| DATA EXTRACT |
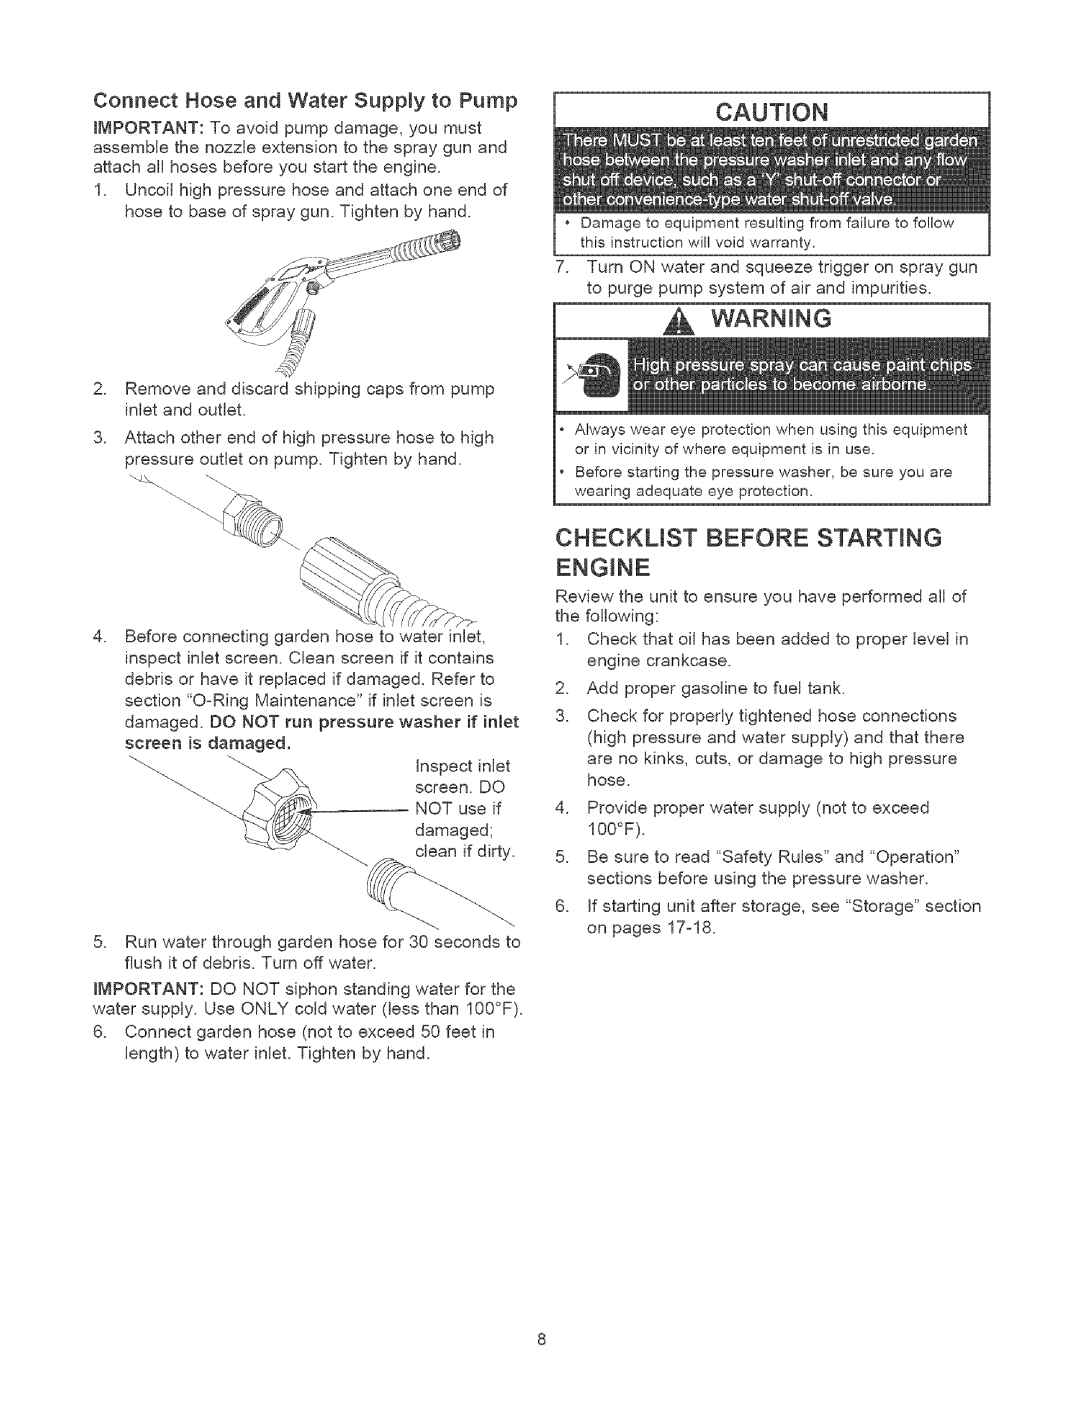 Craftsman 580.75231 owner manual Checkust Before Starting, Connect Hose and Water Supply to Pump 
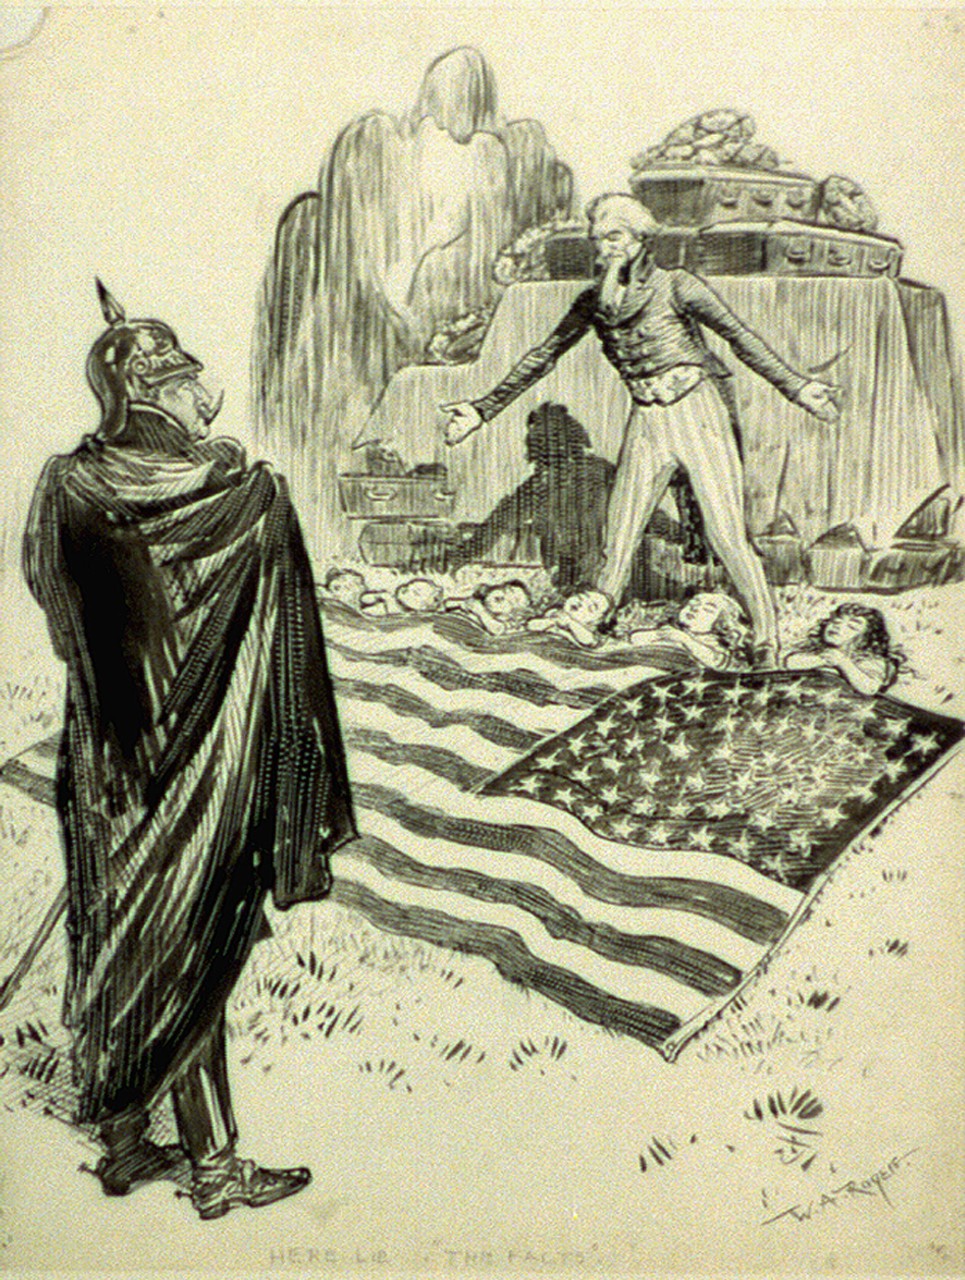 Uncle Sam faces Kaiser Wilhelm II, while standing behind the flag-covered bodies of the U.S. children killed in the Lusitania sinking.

==

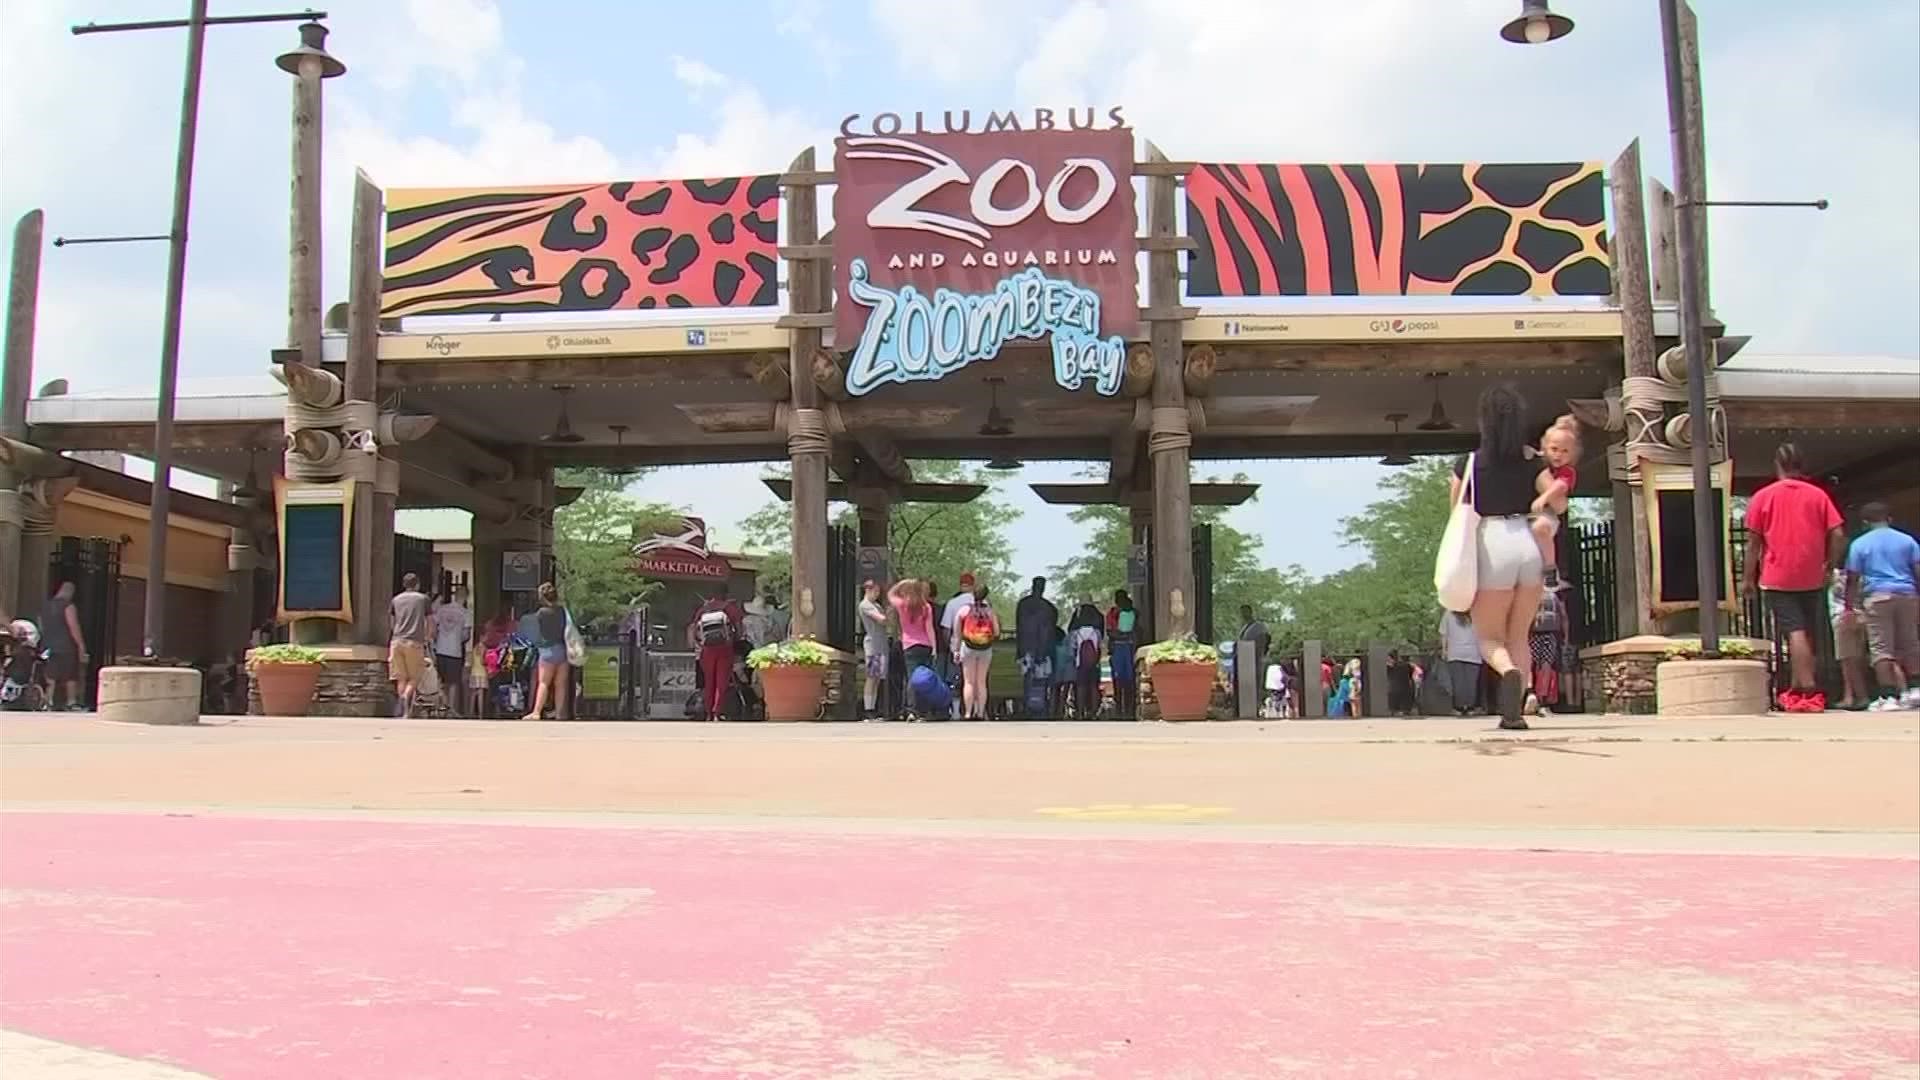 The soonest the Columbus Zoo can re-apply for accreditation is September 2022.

--

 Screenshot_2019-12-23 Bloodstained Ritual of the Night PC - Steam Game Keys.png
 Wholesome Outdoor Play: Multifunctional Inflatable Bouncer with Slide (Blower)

| ACTIVITY |
Please, from the entries above, set down exactly the lines from the one containing "Screenshot_2019-12-23 Bloodstained Ritual" through the one containing "Wholesome Outdoor Play: Multifunctional", and only those.

| COMPLETED EXERCISE |
 Screenshot_2019-12-23 Bloodstained Ritual of the Night PC - Steam Game Keys.png
 Wholesome Outdoor Play: Multifunctional Inflatable Bouncer with Slide (Blower)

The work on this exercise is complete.